Here is my "biggest word" algorithm:

When I translate Dzongkha myself, I use this same algorithm, "biggest
word", just like the spell checker would, I just start with the first
syllable and see if the second, third, etc... are part of a single
word. Then, after making the largest word that I can make, I start
over again with the first syllable after the biggest word that I could
find.

Now I will give you an example of exactly how the suggested algorithm
would work. Take the Dzongkha exampleྪ
འབྲུག་གི་རྒྱལ་ཡོངས་སྐད་ཡིག་རྫོང་ཁ་འདི་ དུས་

Looking in your Dzongkha-English dictionary, I first look for འབྲུག I
find "dragon/Bhutan", so the spell checker accepts this syllable as
correct but tries to make a bigger word, now it checks to see if
འབྲུག་གི is also a word, it is not. So it accepts འབྲུག, and starts
with གི. གི by itself is not a word in our dictionary. I believe it
is the genitive particle (from Tibetan), which we would add to the
Dzongkha spell checker dictionary file, so གི is accepted, གི་རྒྱལ is
not found, and so we start over with the next syllable རྒྱལ.

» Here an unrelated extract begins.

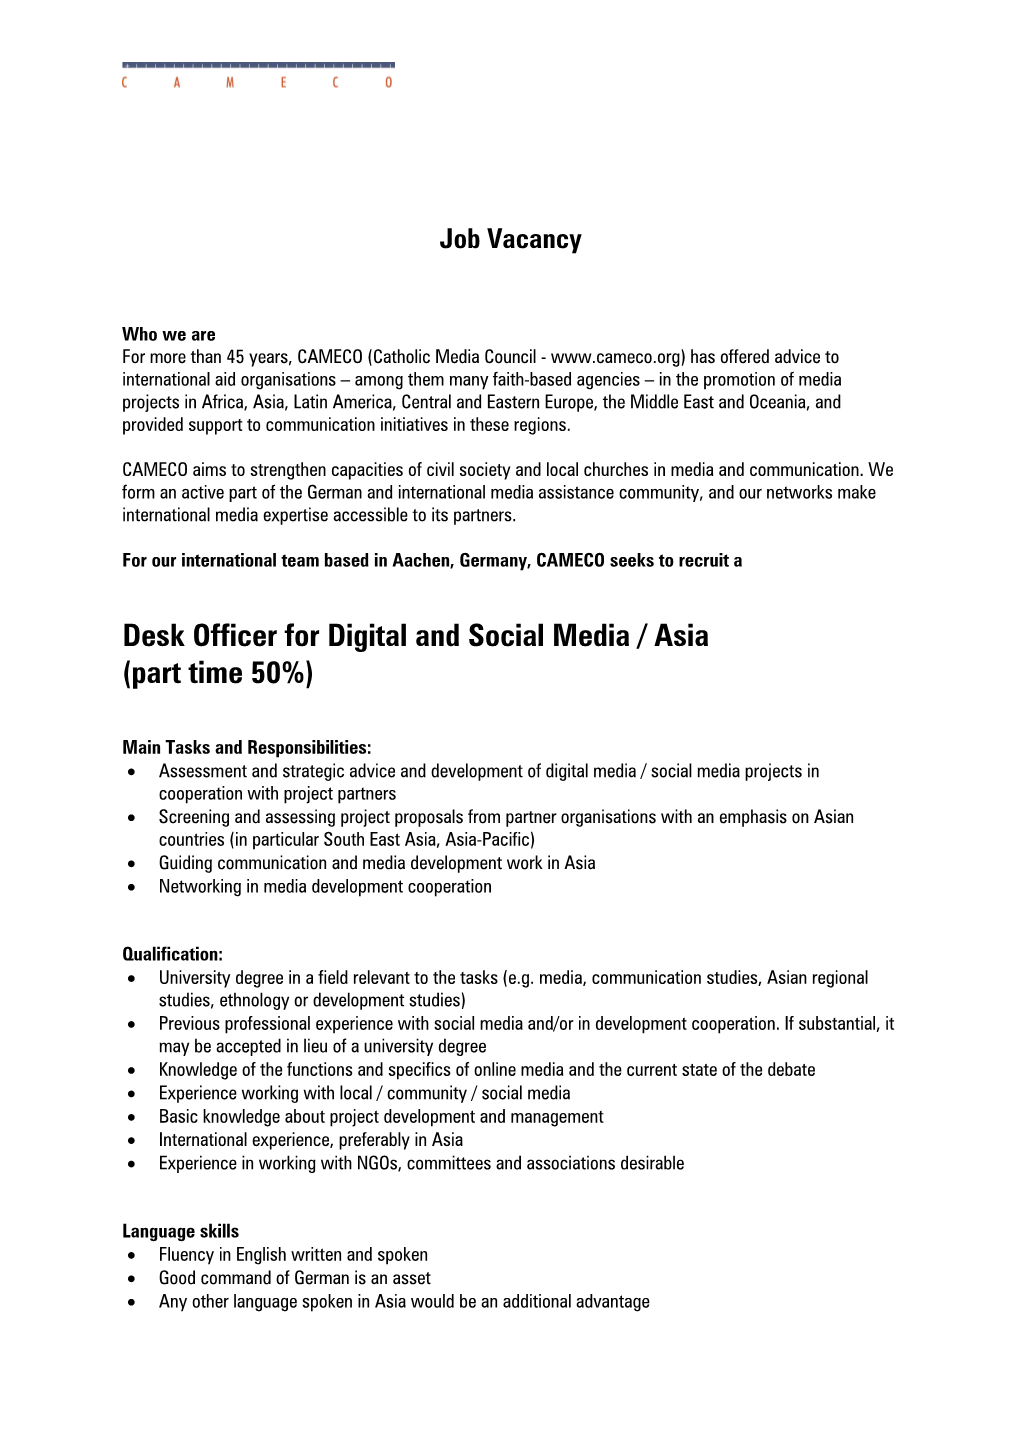 Desk Officer for Digital and Social Media / Asia (Part Time 50%)

རྒྱལ is an interesting case, by itself, it is not a word, but many
words start with this syllable, so we say it is OK if we can match
more adjacent syllables. The next syllable is ཡོངས so next we look
for རྒྱལ་ཡོངས, we find this adjective "national", so we accept it, and
using our biggest-word algorithm, next we try རྒྱལ་ཡོངས་སྐད. We do
not find it, but, our algorithm has a feature where it will check at
least 20 syllables forward before giving up and putting a red line
under རྒྱལ་ཡོངས་སྐད, in case there is a longer word waiting for us...
...so next we try རྒྱལ་ཡོངས་སྐད་ཡིག, and we find it, "national
language". We accept this word, we try རྒྱལ་ཡོངས་སྐད་ཡིག་རྫོང, it is
not a word, so we accept རྒྱལ་ཡོངས་སྐད་ཡིག and move on.

Next we check for རྫོང. This is a word "fortress" so we accept it and
try རྫོང་ཁ (biggest word algorithm). We find it "national language of
Bhutan". So we try རྫོང་ཁ་འདི. We do not find it, so we accept
རྫོང་ཁ, and start with འདི... ...I am guessing, as in Tibetan, this
is the demonstrative pronoun? So we would add this to our dictionary
file, so we accept འདི and we move on. འདི་དུས is not a word, so we
accept འདི and move on.

Next we start with དུས, perhaps this is the particle of general
subordination (from Tibetan)? So we accept it as is, and move on.

Thanks,

Tom

Discussion